Juan Pérez Agirregoikoa |
Andaba
el bicho sorteando obstáculos, encimándose a una piedra, descendiendo;
topándose con una rama, dando media vuelta y cambiando el trayecto.
Insignificante
ser, arrastrando su anatomía simple, invertebrado viscoso bien servido de extremidades,
además de unas alas que le permitían volar.
Pocos
vuelos dominaba el bicho, una determinada altura para invadir matas y arbustos,
balanceándose en la frágil vértebra de un tallo, tomando el sol en el campo clorofílico
de una hoja.
Era un
bicho más en un mundo lleno de bichos ignorándose los unos a los otros,
transitando incansables procurándose el sustento.
Nada ni
nadie conocía la particular existencia de ese bicho, hasta que se cruzo en mi
camino. Estaba yo deleitándome con el airecillo fresco y suave de una mañana de
otoño. Apenas había clareado, transcurría ese momento donde la luz llega en silencio
empujando los restos de la noche. La vida se iluminaba lentamente añadiendo
sonidos y matices, regresando de su letargo, abriendo el apetito a los insectos,
aves de espacio y de corral, animales y bestiarios esparcidos por la faz de la
tierra.
En ese
susurro de mi vida tenían cabida todos y cada uno de los momentos de mi
existencia; una recopilación de instantes acumulados en un espacio físico que
se sostenía a base de nutrientes y
con el oxigeno que exudaba la
vegetación.
El
bicho de poco más de un centímetro, coexistía conmigo en esa mañana incipiente;
en su trayecto se topó con mi pie y siguió caminando, ascendiendo por mis
dedos, cosquilleando mi epidermis, ripiando mi sensibilidad con un escalofrió.
Mi
observación adquirió consistencia, dedicando todo mi interés a la actividad de
aquel pequeño ser.
Supuse
que él ignoraba mi presencia, mi observación le traía sin cuidado, caminaba a
trompicones y de vez en cuando abría sus alas realizando cortos vuelos y
posándose de nuevo en la gravidez.
El
bicho pasó de ser insignificante a ser tenido en cuenta; el mero hecho de
reparar en él incitaba mi filosofía, despertaba mi curiosidad.
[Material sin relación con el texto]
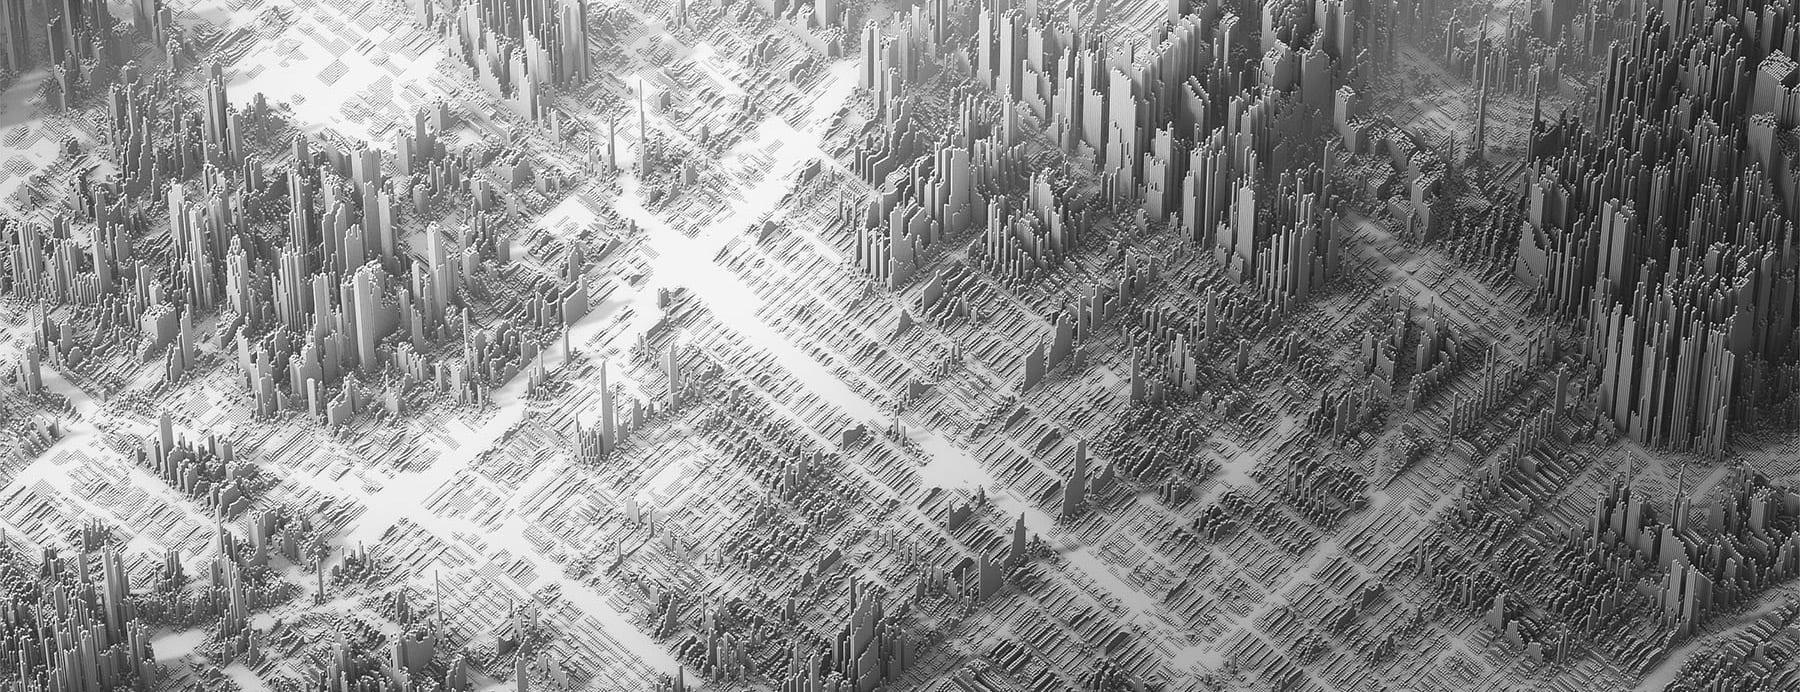 33 - Herwig Scherabon vizuálně zdůrazňuje nerovnost příjmů ve velkých městech

El bicho y yo en
una mañana de la vida, ejerciendo tareas diferentes desprovistas de intereses
comunes, respirando sustancias y captando sonidos.
Pensé
por un momento, en mi superioridad de tamaño, en mi ventaja consciente, en mi
fuerza física. Yo poseía poder para aplastarlo, él la indiferencia hacia ese
poder; esa ventaja le permitía caminar sin vacilación, sin miedo. Yo, sin
embargo, realizaba malabarismos mentales obstinados en filosofar con su
existencia, elucubrando a cerca del sentido de las cosas, comparando el valor
de su vida respecto al de la mía.
Juan Pérez Agirregoikoa |
Poco le
importaba al bicho mi observación, ni la tasa que yo pudiese hacer sobre el
valor de su vida.
Tal vez
todos somos bichos observados por alguna inteligencia superior con poder para
decidir sobre las existencias de tanto bicho. Tal vez nuestros miedos sean la
desventaja del consciente; quizás nuestros razonamientos solo sean caminos para
la evaluación de nuestros comportamientos; quien sabe si nuestros
comportamientos contienen razón alguna que conceda sentido a la existencia.
El sol
ya se ha llevado todo resto de noche. El airecillo persiste y los aromas se
intensifican en la medida que se evaporan. El bicho se ha aposentado en una
hoja y la devora a pequeños mordiscos, ignoro si se ha percatado de mi
presencia, si ha notado mi poder, si ha presentido mis elucubraciones.
El
poder no es matar, el poder es resucitar aquello que hemos matado.